§ Given information:
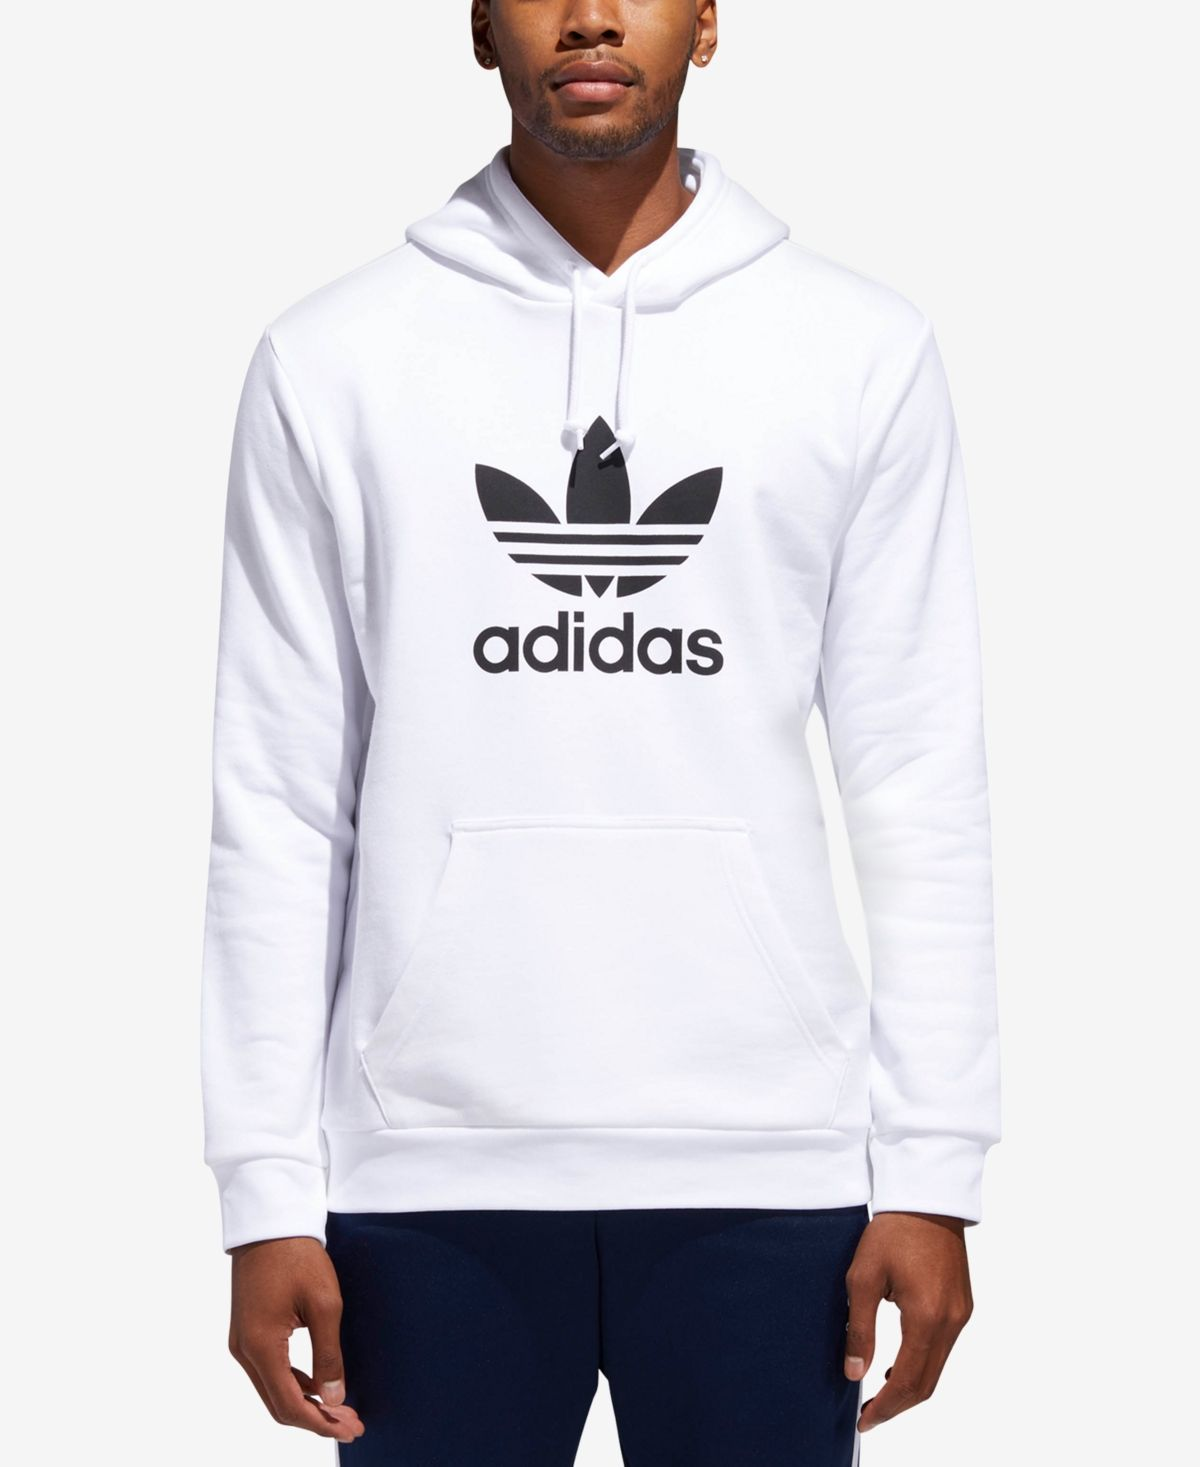 Adidas Men S Treifoil French Terry Hoodie Reviews Hoodies Sweatshirts Men Macy S In 2020 Adidas Men Mens Sweatshirts French Terry Hoodie
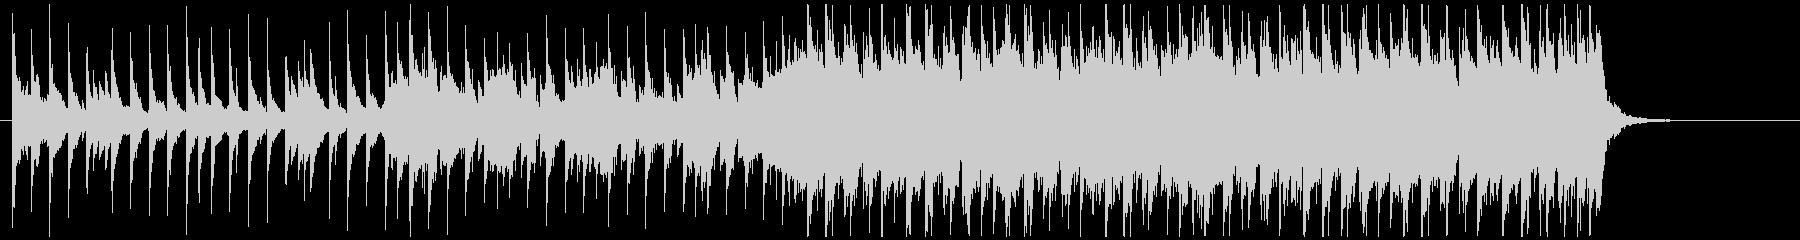 Mistrain / Intro's unreproduced waveform
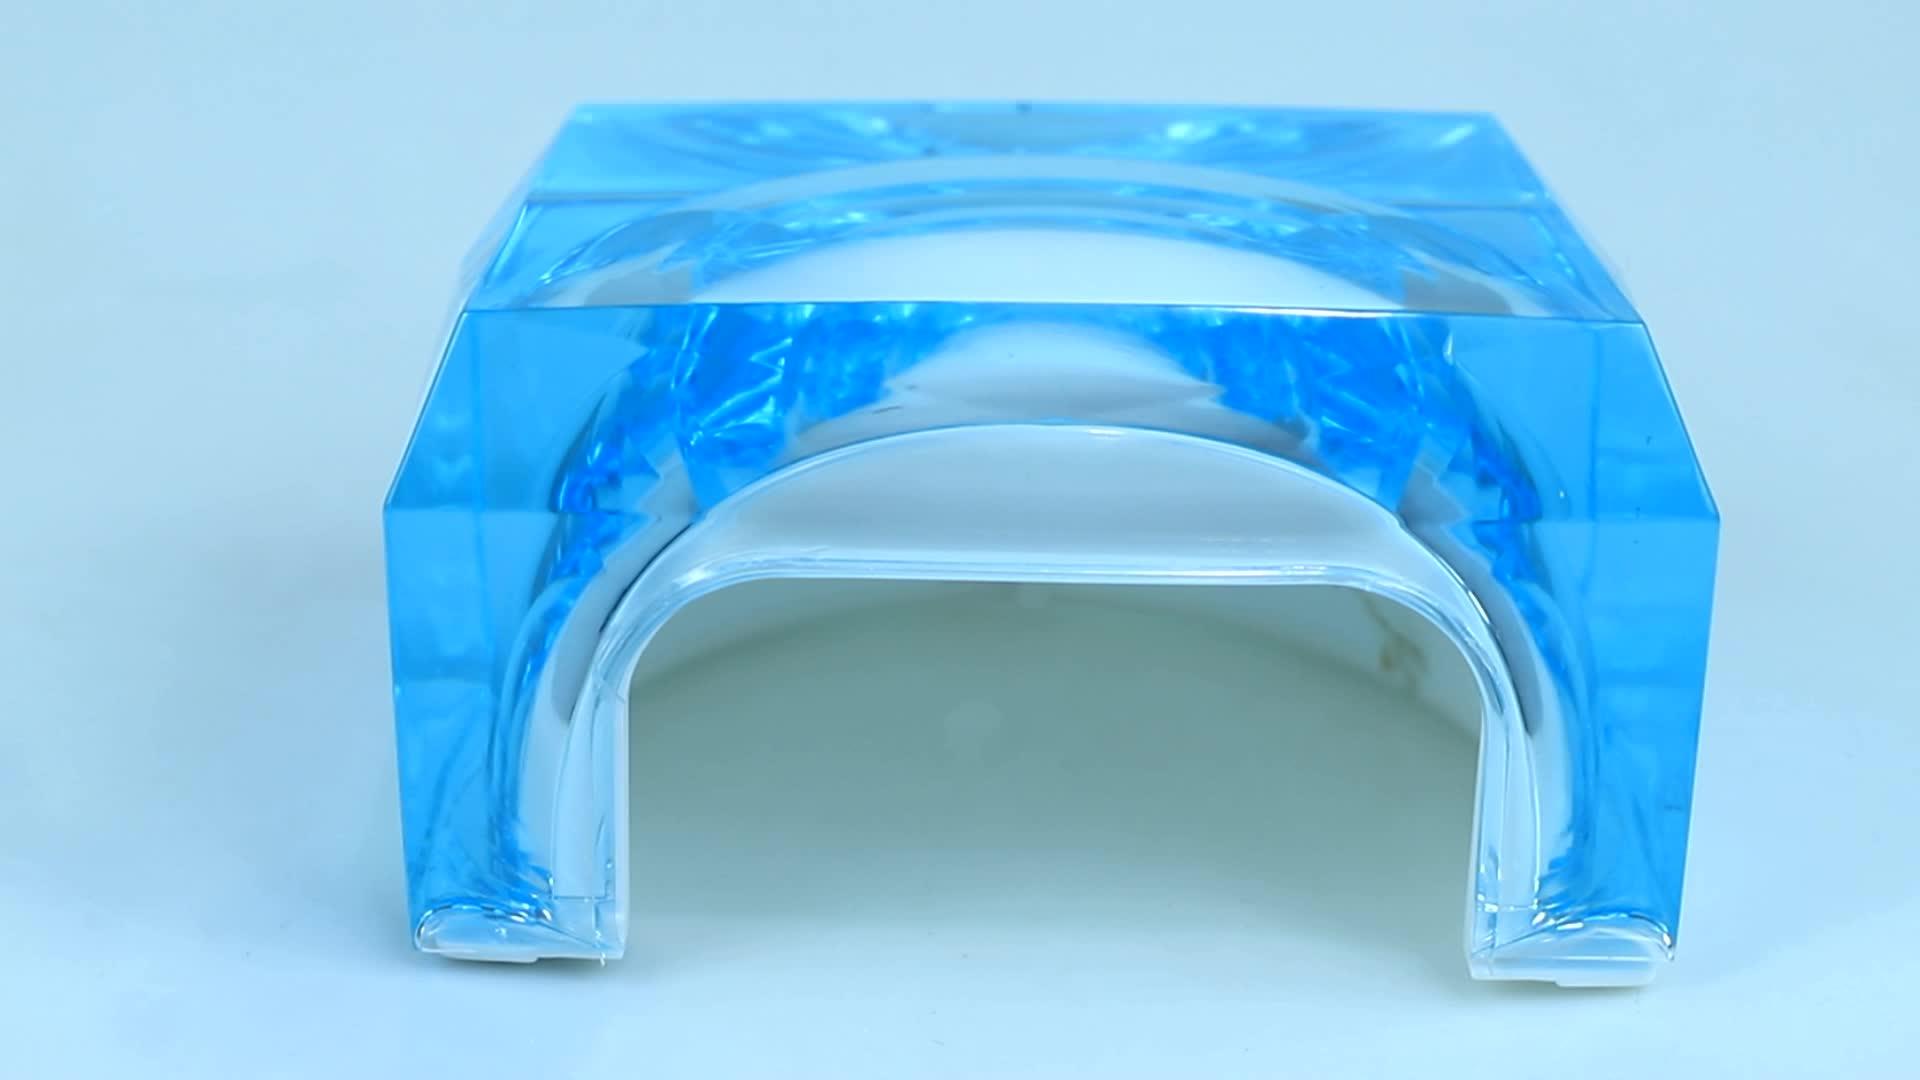 2020 New Design Transparent Professional Uv Led Nail Lamp, Electric Hot Sell Acrylic Nail Drying Lamp
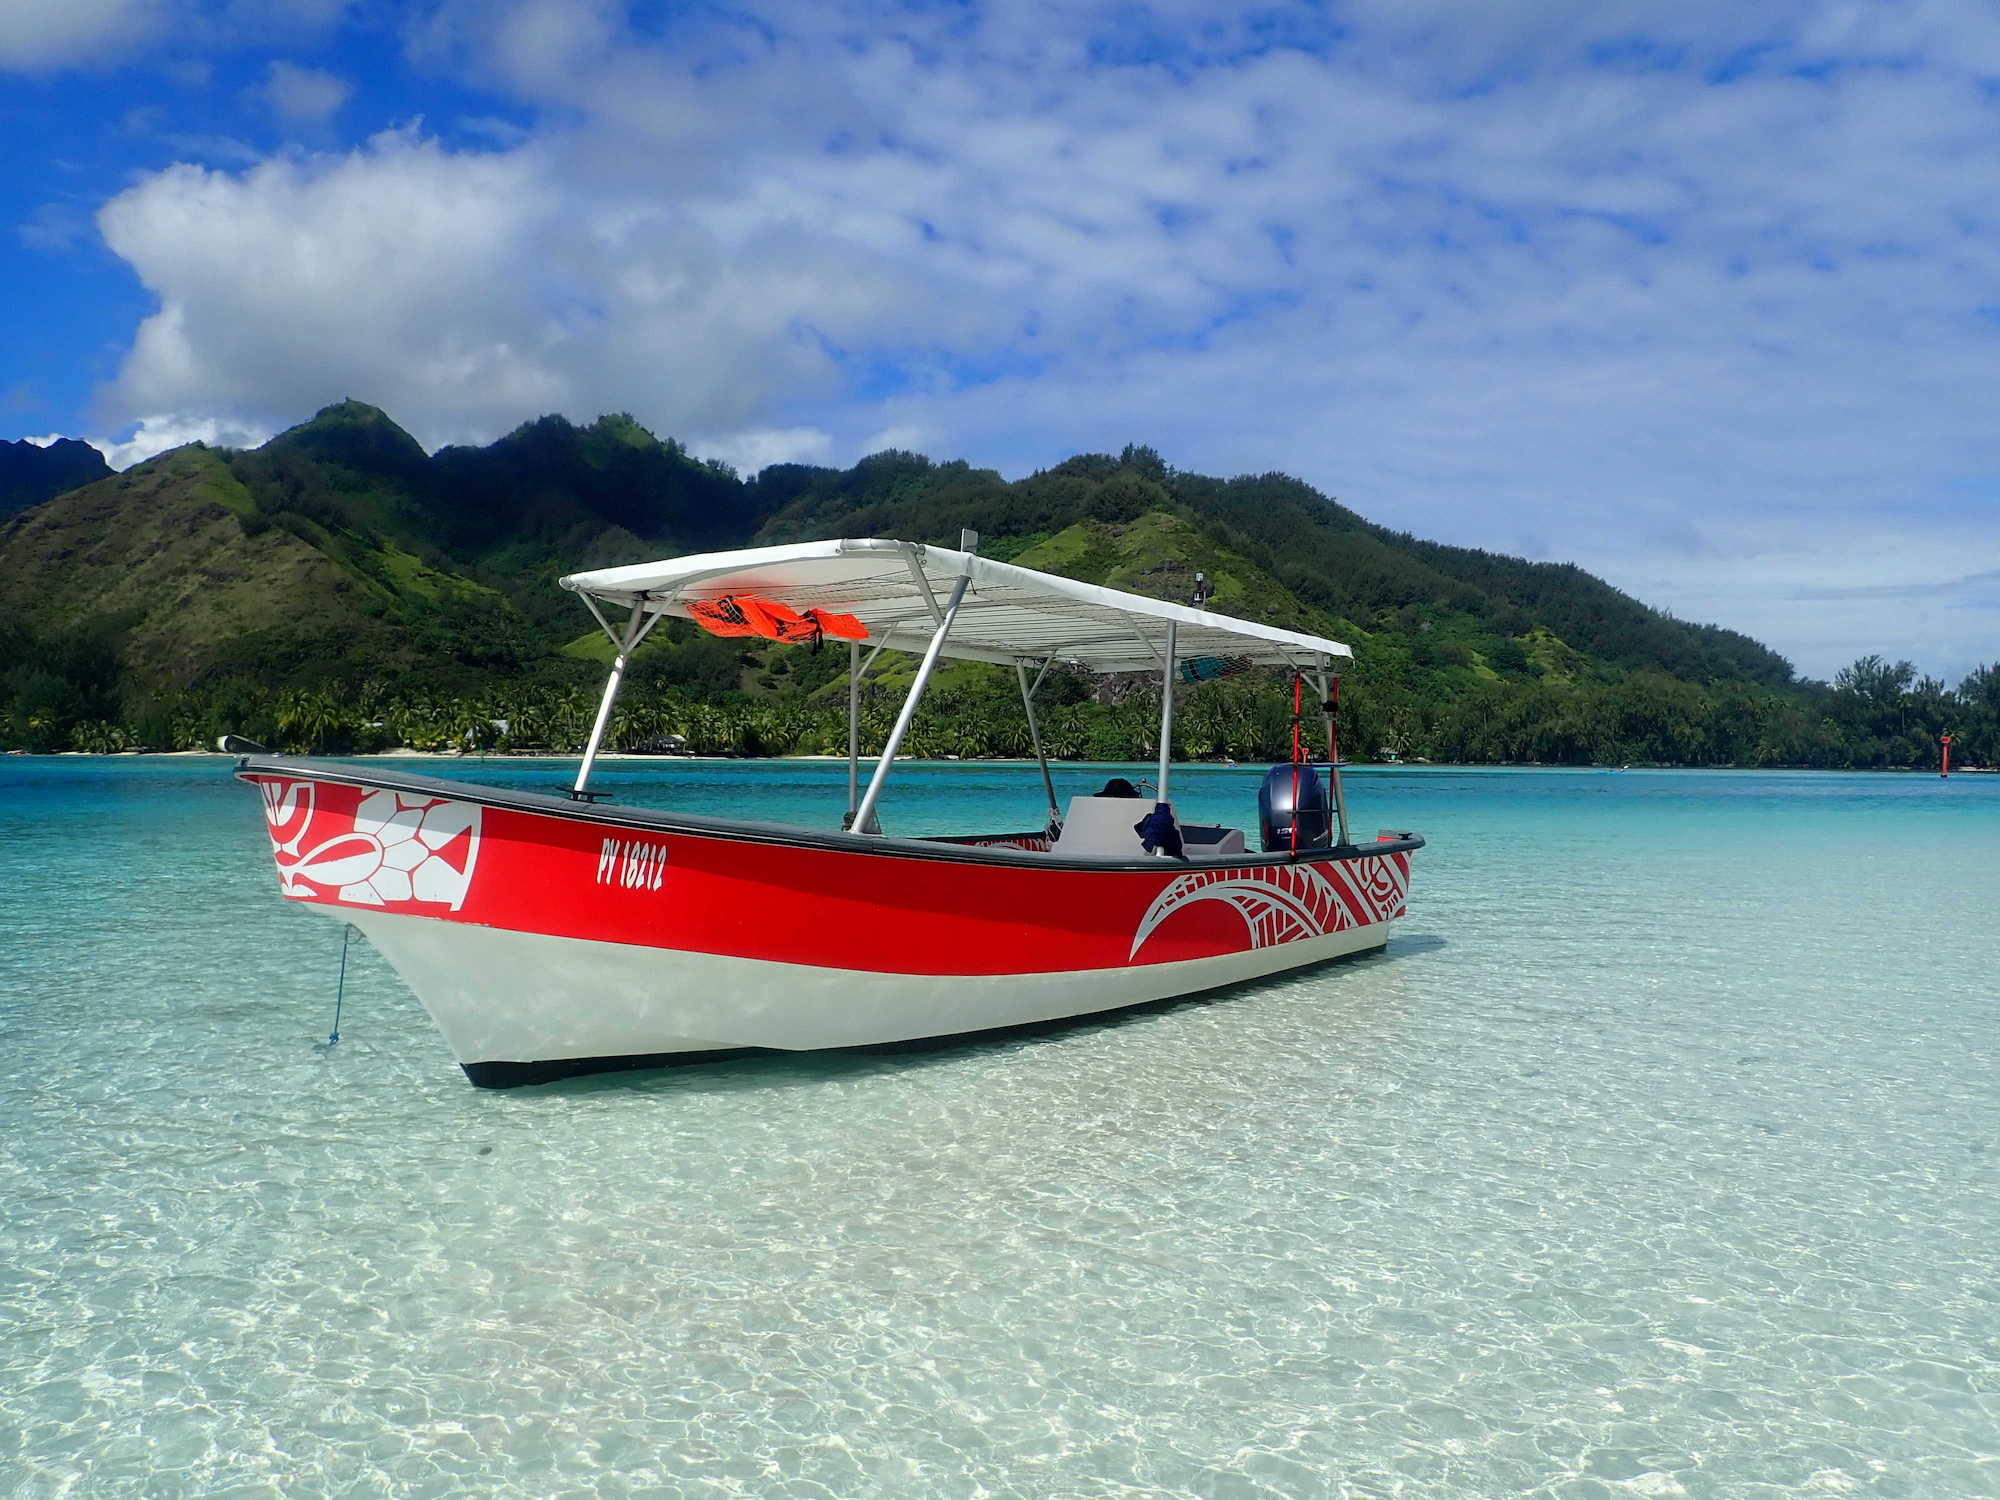 https://tahititourisme.ca/wp-content/uploads/2020/09/Boat-Hinaloa.jpg

§ Exercise prompt:
Would you write out the data exactly, with no pictures in the copy?

§ Task output:
 Adidas Men S Treifoil French Terry Hoodie Reviews Hoodies Sweatshirts Men Macy S In 2020 Adidas Men Mens Sweatshirts French Terry Hoodie
 Mistrain / Intro's unreproduced waveform
 2020 New Design Transparent Professional Uv Led Nail Lamp, Electric Hot Sell Acrylic Nail Drying Lamp
 https://tahititourisme.ca/wp-content/uploads/2020/09/Boat-Hinaloa.jpg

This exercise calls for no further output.